◆ **Assignment**:
Write back, word for word, the lines from the one containing "Misioo Ball Pits Round Grey Large 100 X 40 1" to the end of the listing below. Include nothing else, and no pictures.
(Raw data Opens)
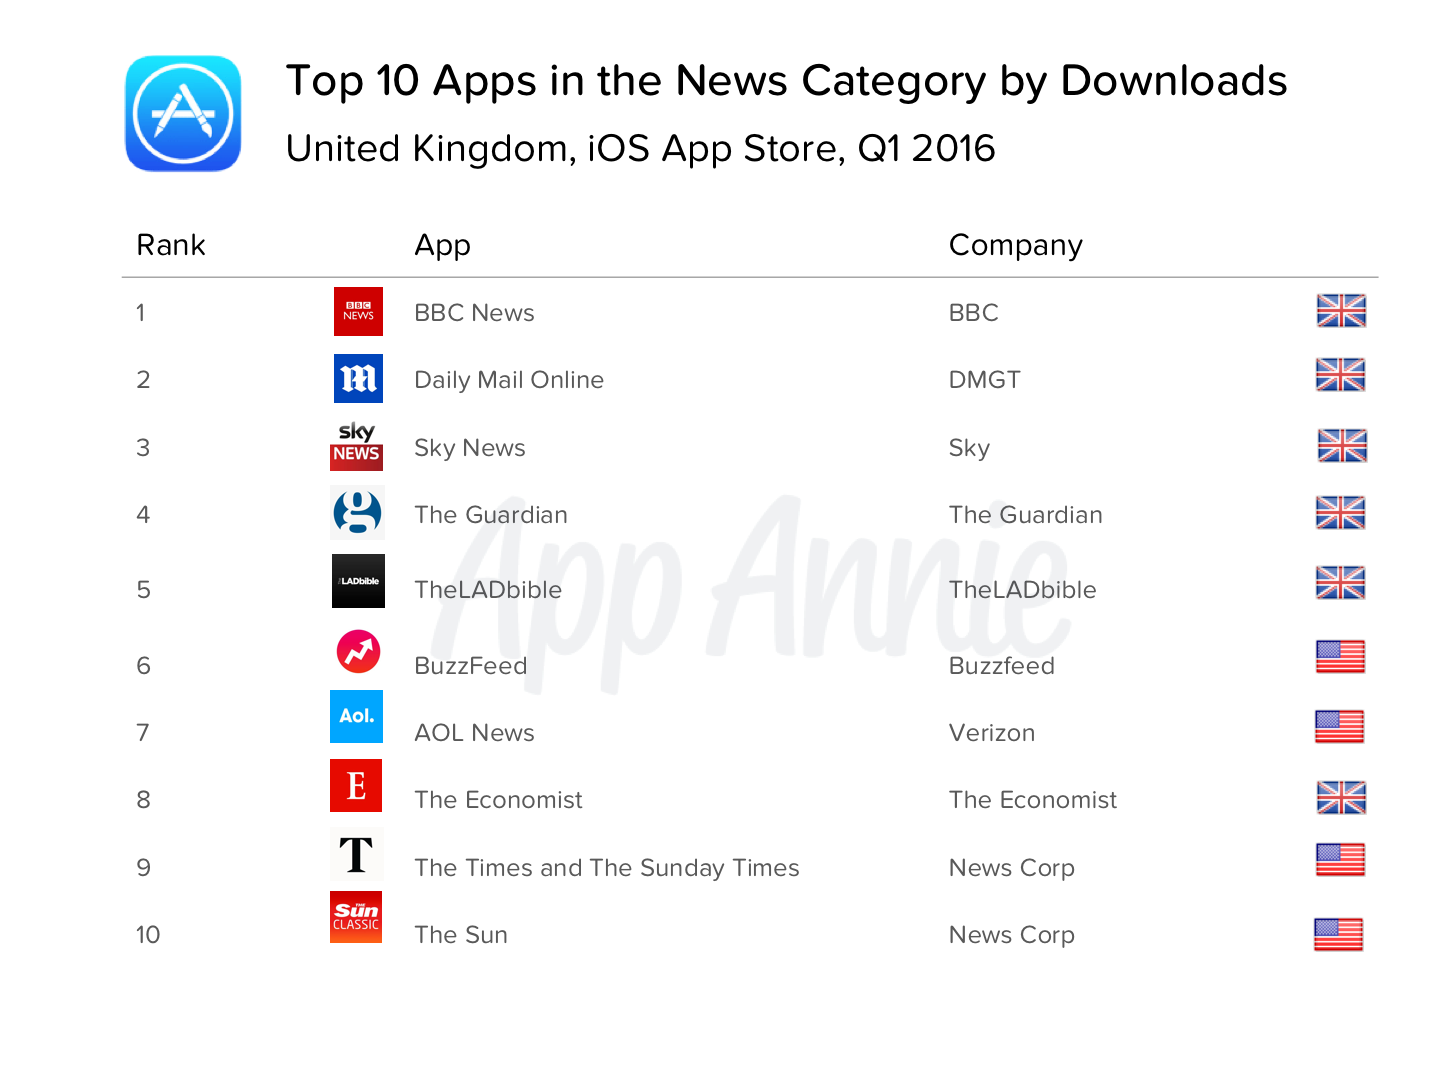 Top 10 Apps in the News Category by Downloads United Kingdom iOS App Store Q1 2016
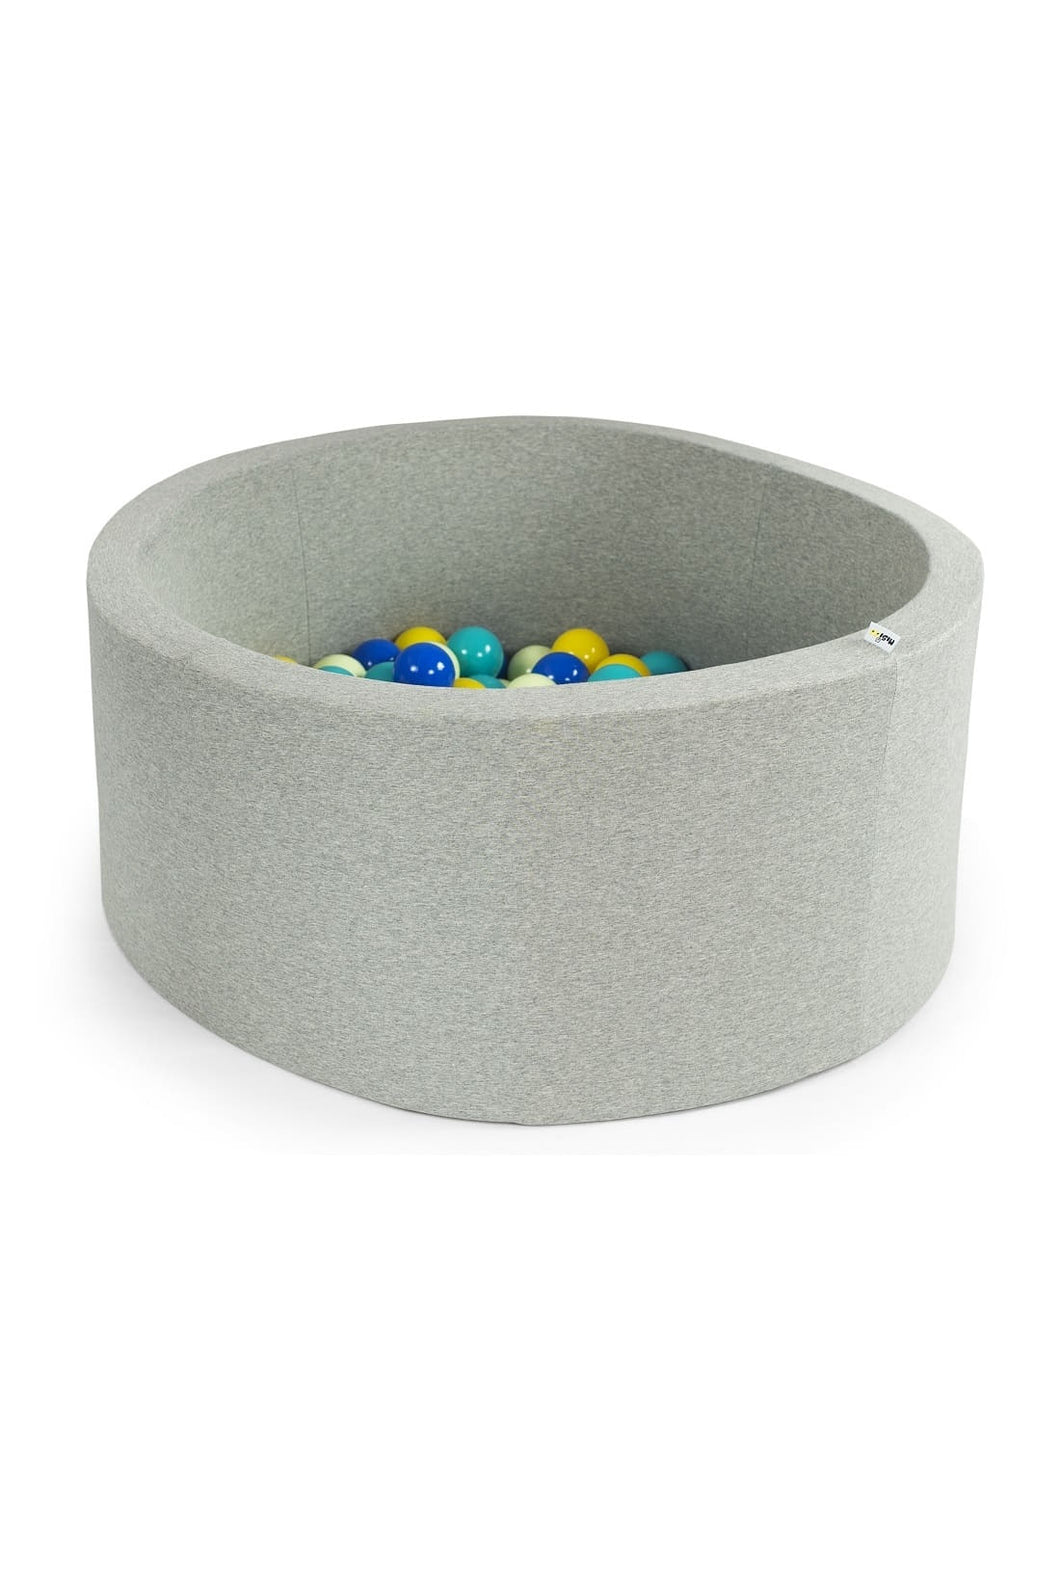 Misioo Ball Pits Round Grey Large 100 X 40 1
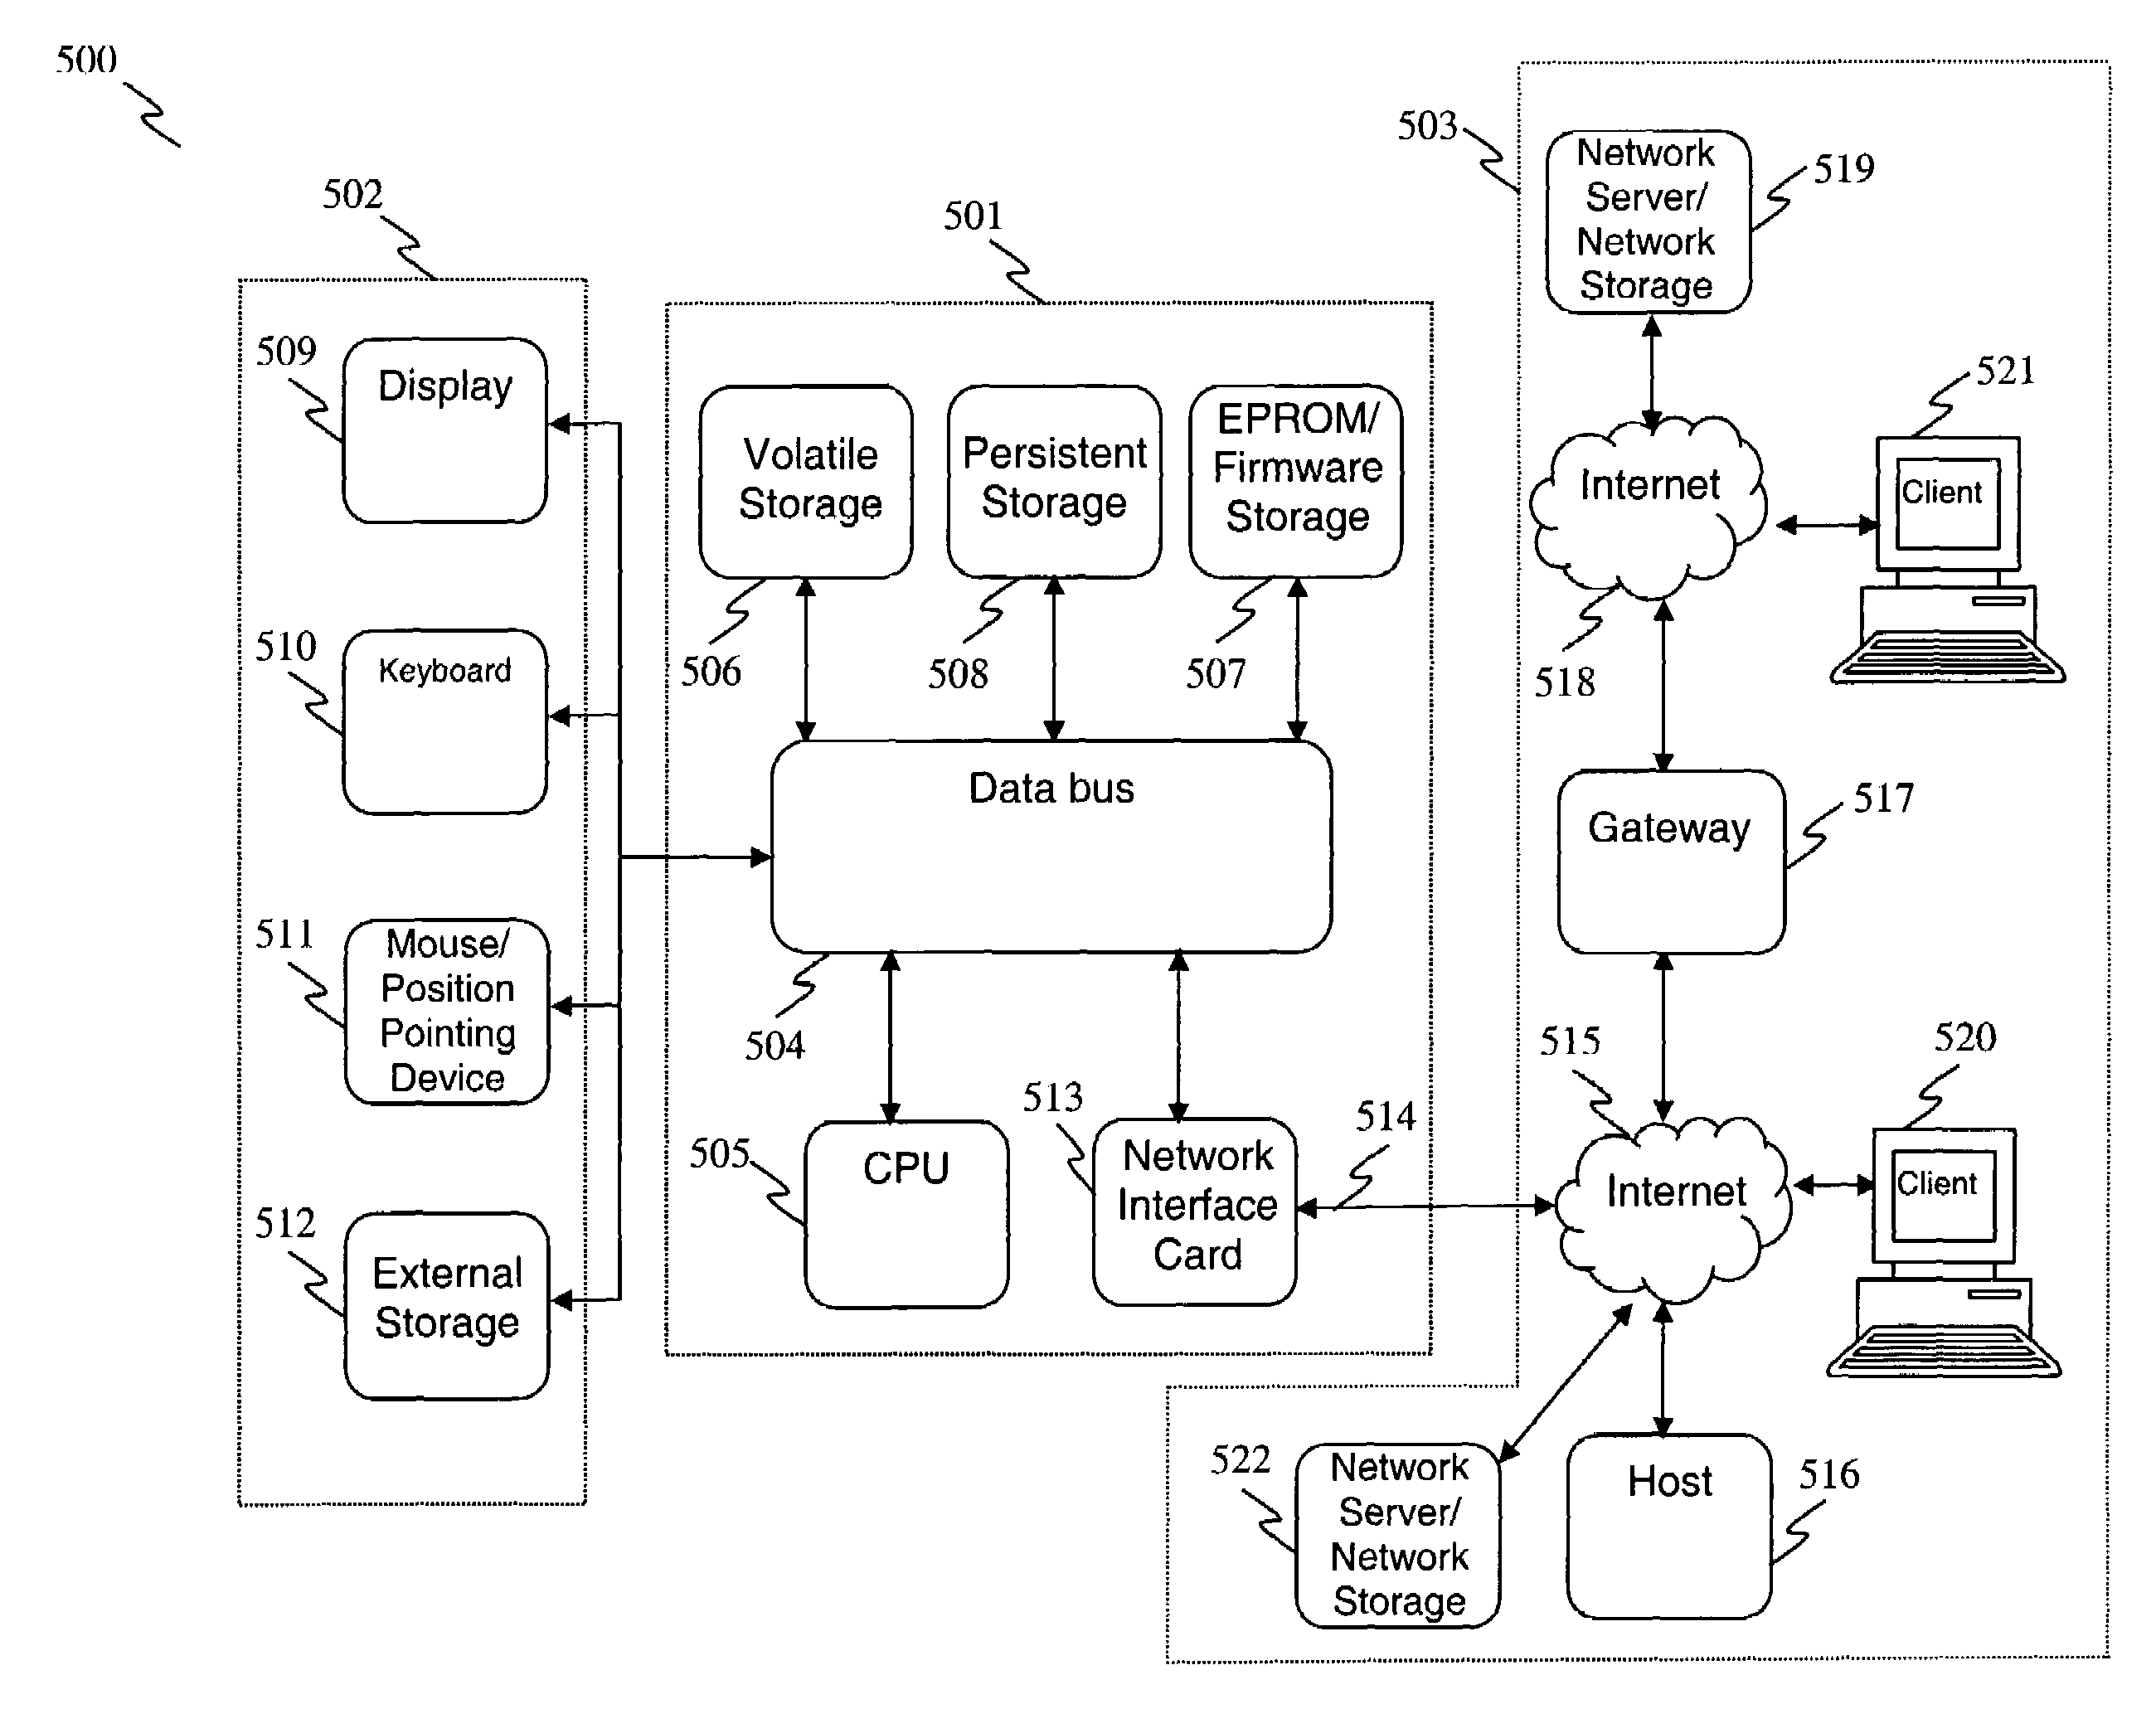 Apparatus and method for term context modeling for information retrieval
(Raw data Closes)
◆ **Your response**:
 Misioo Ball Pits Round Grey Large 100 X 40 1
 Apparatus and method for term context modeling for information retrieval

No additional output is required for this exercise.